Actualité jurisprudentielle relative à la fonction publique

Sont présentées ci-dessous, quelques décisions, jugement et un avis du Conseil d’Etat, récents relatifs à l’actualité du contentieux de la fonction publique.

Actualité jurisprudentielle relative à la fonction publique

La décision d’une administration mettant fin à un accord sur le télétravail peut-elle faire l’objet d’un recours en annulation devant le juge administratif ?

La décision mettant fin à l’accord de télétravail constitue une mesure d’ordre intérieur, ne faisant pas grief et donc insusceptible d’un recours pour excès de pouvoir, à moins qu’elle ne traduise une discrimination ou une sanction.
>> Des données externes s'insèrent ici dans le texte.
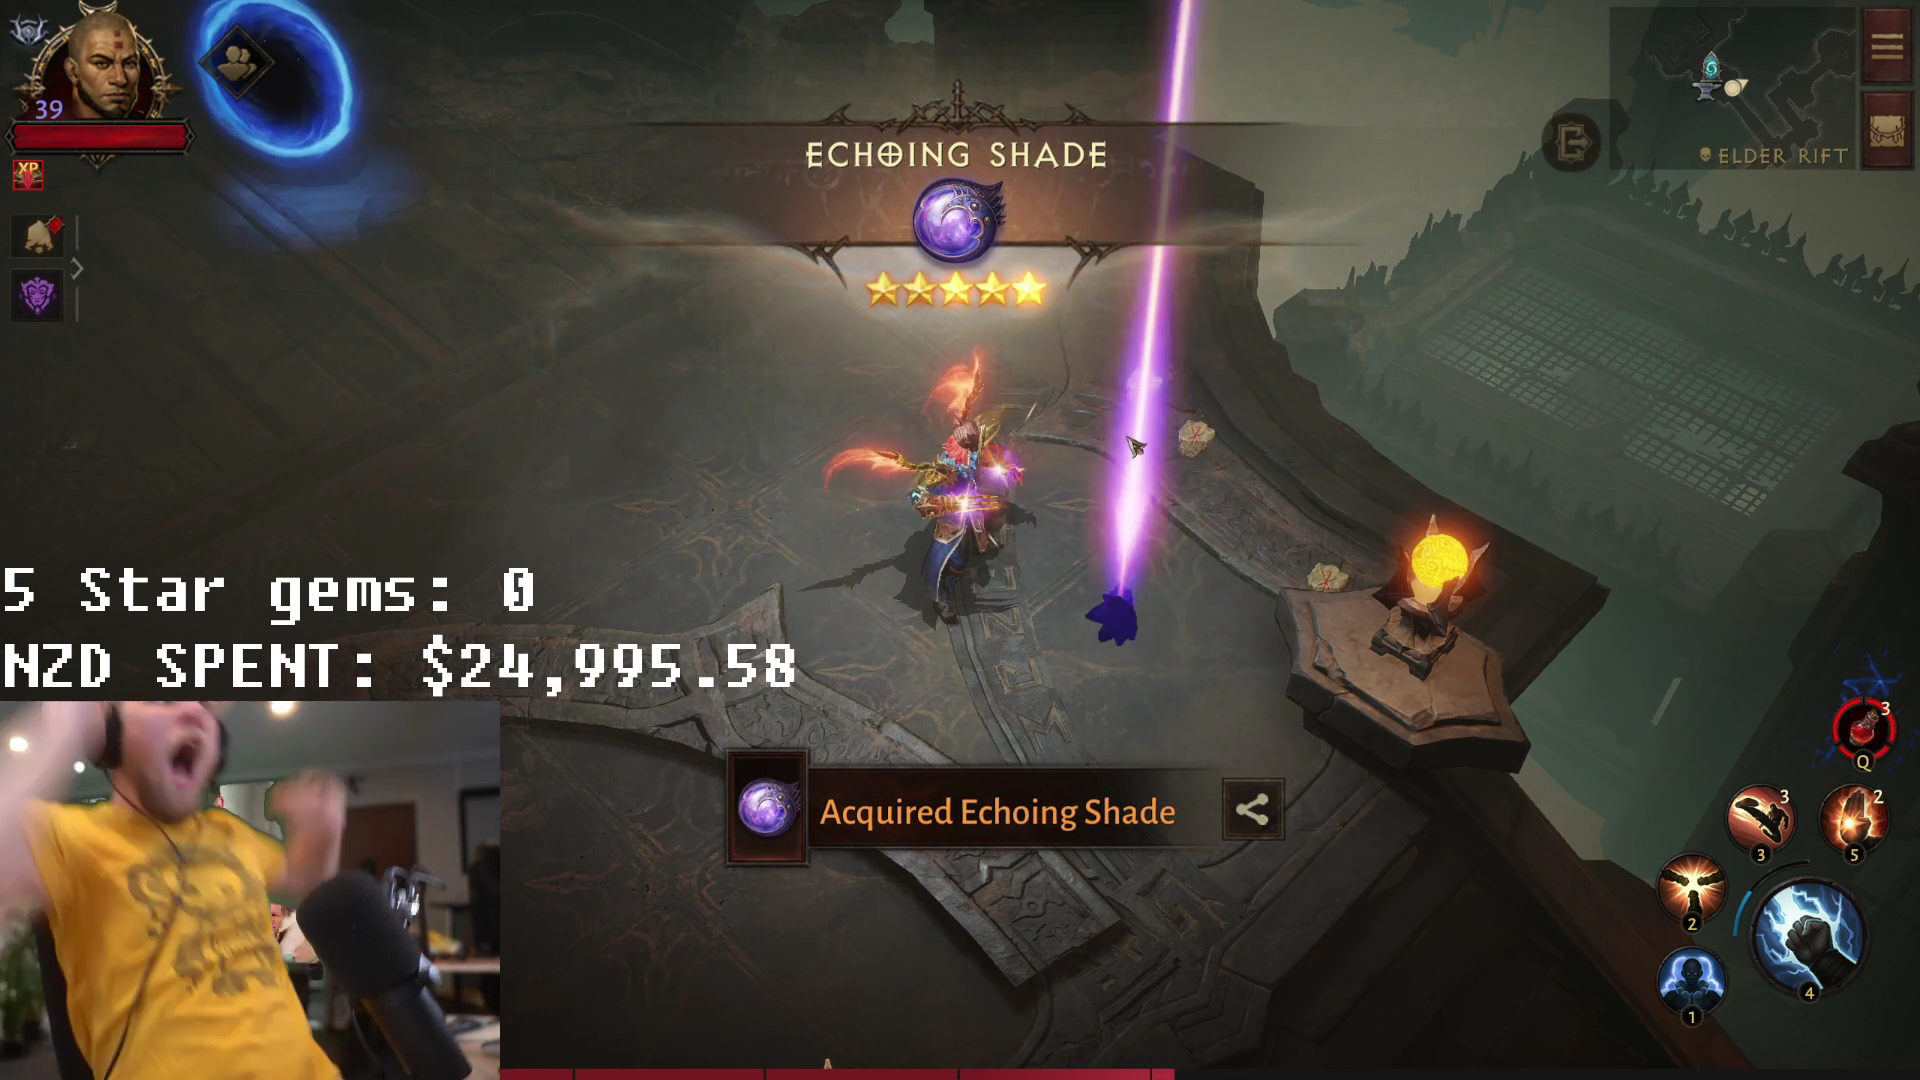 Gracz wydał 17 000 $, aby zdobyć pięciogwiazdkowy klejnot w Diablo Immortal i usunął grę
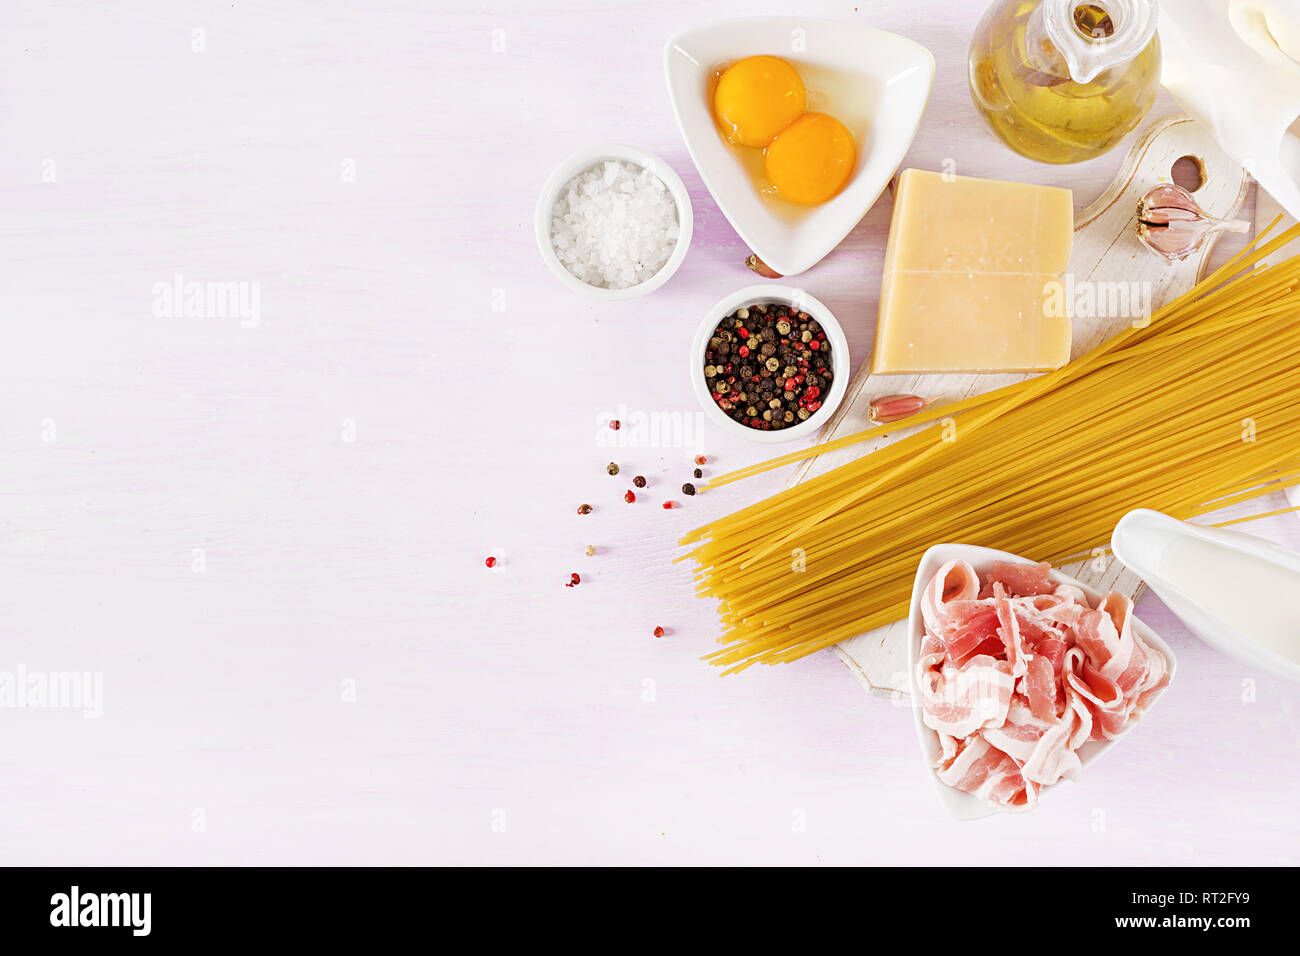 Ingrédients pour la cuisson des pâtes Carbonara, spaghetti à la pancetta, oeuf, poivrons, le sel et le parmesan. La cuisine italienne. Pasta alla carbonara. Banque D'Images

En l’espèce, cette mesure, motivée par la nécessité d’une plus grande disponibilité de l’agent dans l’intérêt du service et d’un traitement inéquitable envers les autres agents, avait, pour le juge, pour seul objet de modifier les modalités d’exercice des fonctions, sans porter atteinte à son statut et à ses droits et libertés fondamentaux et sans incidence sur ses responsabilités ou sa rémunération.

(TA de Châlons-en-Champagne, 4 octobre 2022, M. A., requête n° 2101983).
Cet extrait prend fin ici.